# Lawnboy 5 HP mower no spark



## Rpeters123 (Oct 19, 2005)

Hi Guys Model M21ZPR 5 HP 1986? no spark. Does magnetic switch go bad or is it the electronic ignition  CDI unit? Can CDI be fixed I love rube goldberg fixes to save this old man some bucks.


----------



## 30yearTech (Sep 14, 2006)

Disconnect the kill switch lead wire at your module and retest for spark. If it's the magnetic switch thats bad this will isolate it. 

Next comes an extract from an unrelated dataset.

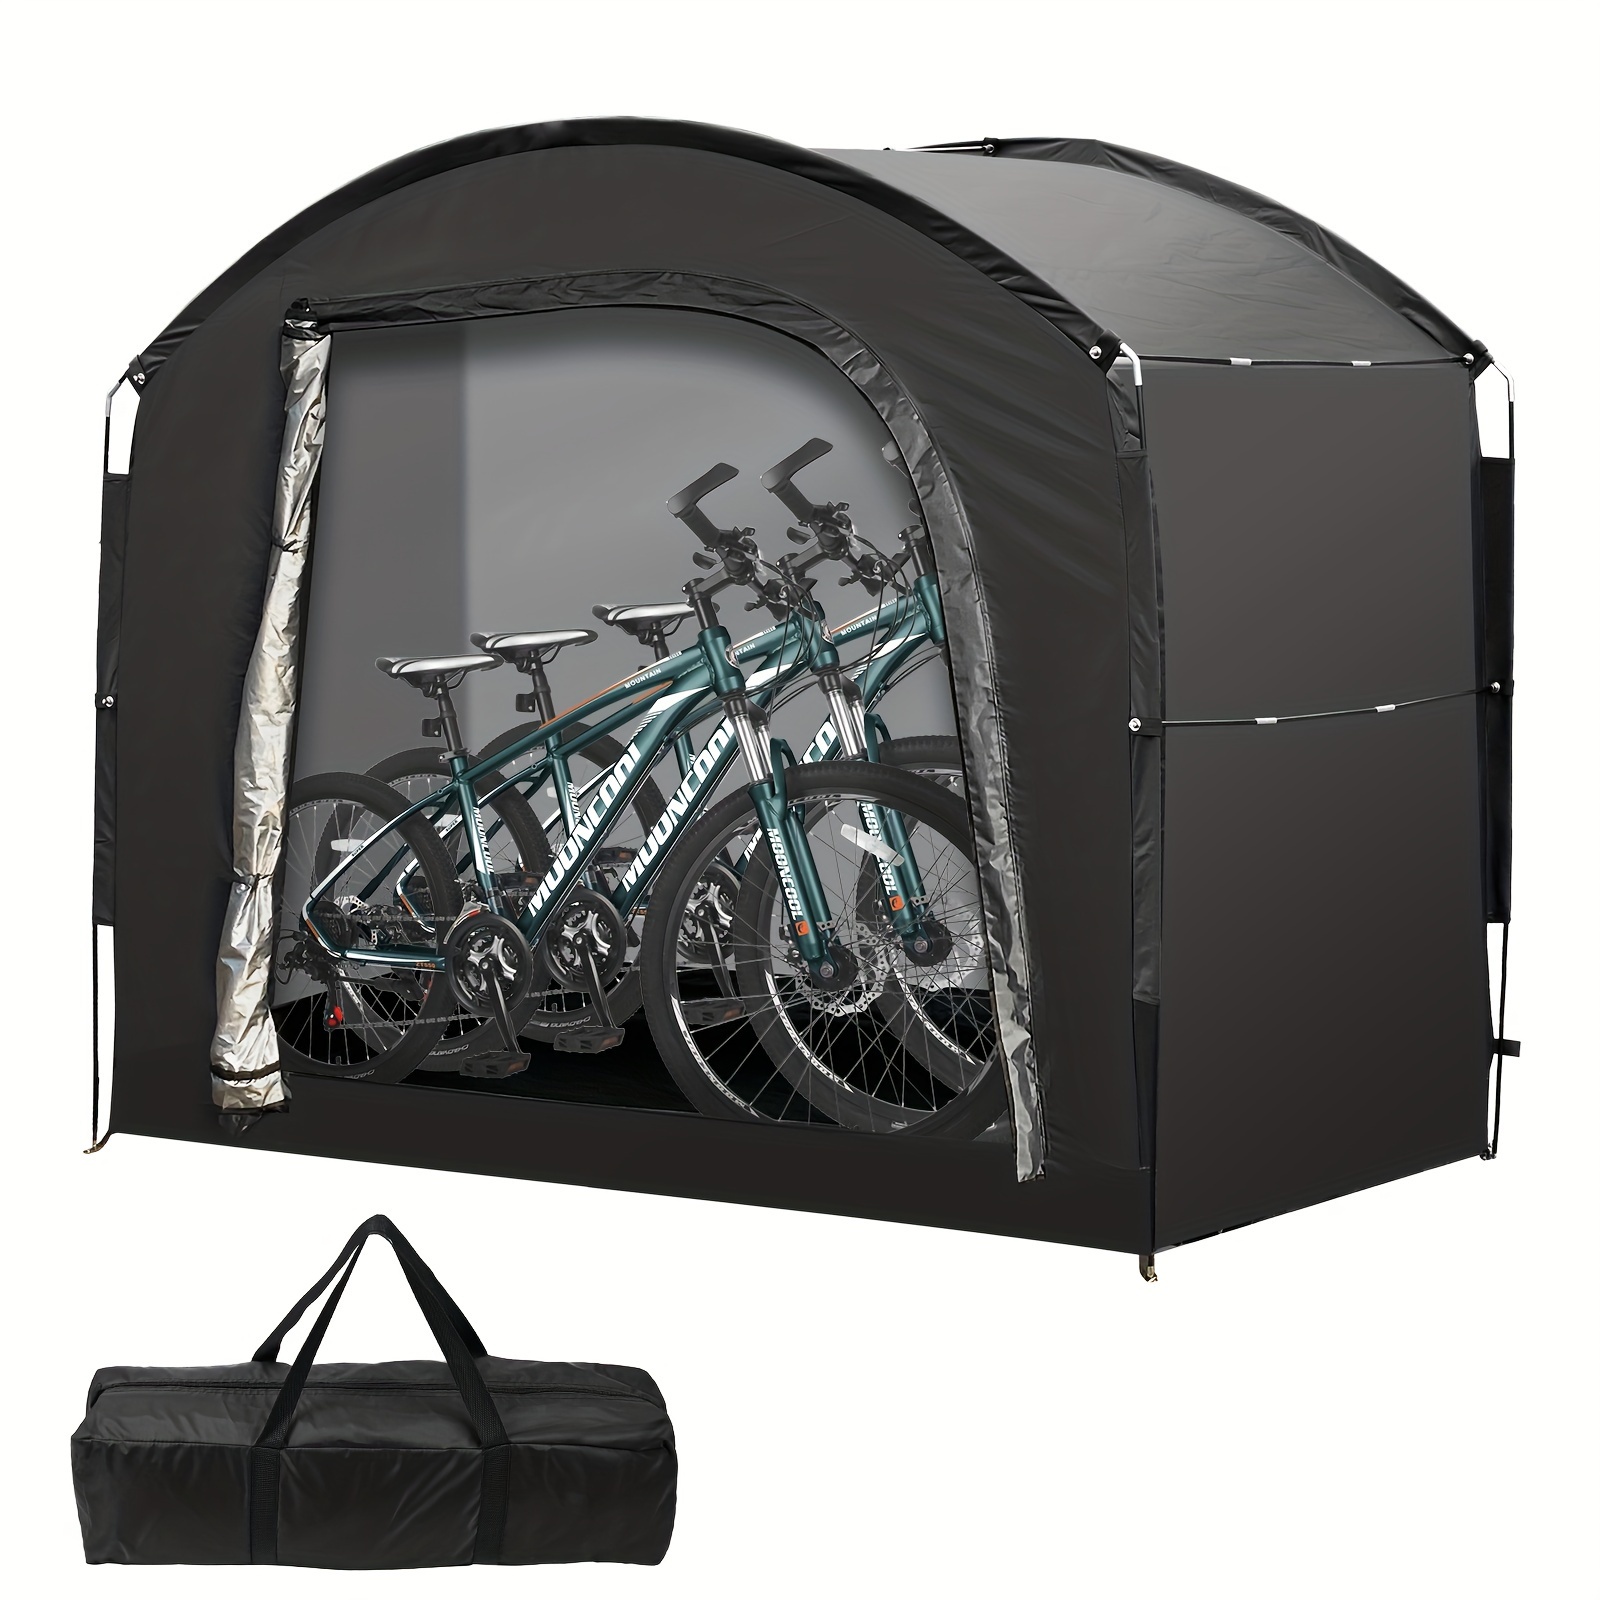 

Mophoto Bike Storage Tent, 80"x67"x48" Patio Storage Shed, Outdoor Storage Cover For Over 3 Bicycles Lawn Mower Garden Tools, Waterproof Bike Storage Tent Shelter

If you still have no spark then the module will have to be replaced.


----------



## Rpeters123 (Oct 19, 2005)

*Got it started*

Thanks for the tip but the mag switch is working OK I checked it with ohmmeter . I checked the gap of mag/cdi to flywheel and it was maybe .011. Gap was speced for .010. So I set it as close to flywheel so it turns with out rubbbing. Set to maybe .002/.003 now it starts first pull. When in doubt try it if broke can not make it worse -I saved $62.00 for new electronic ign. module.


----------



## 30yearTech (Sep 14, 2006)

Rpeters123 said:


> Thanks for the tip but the mag switch is working OK I checked it with ohmmeter . I checked the gap of mag/cdi to flywheel and it was maybe .011. Gap was speced for .010. So I set it as close to flywheel so it turns with out rubbbing. Set to maybe .002/.003 now it starts first pull. When in doubt try it if broke can not make it worse -I saved $62.00 for new electronic ign. module.


I guess I should have told you to clean the ground and retest for spark, unless the magnets on your flywheel have lost some of their magnetism the gap should not make a considerable difference. Most likely when you loosened and reset the gap, you restored the ground. But you never know, maybe your module just likes to be close to the flywheel! :thumbsup:


----------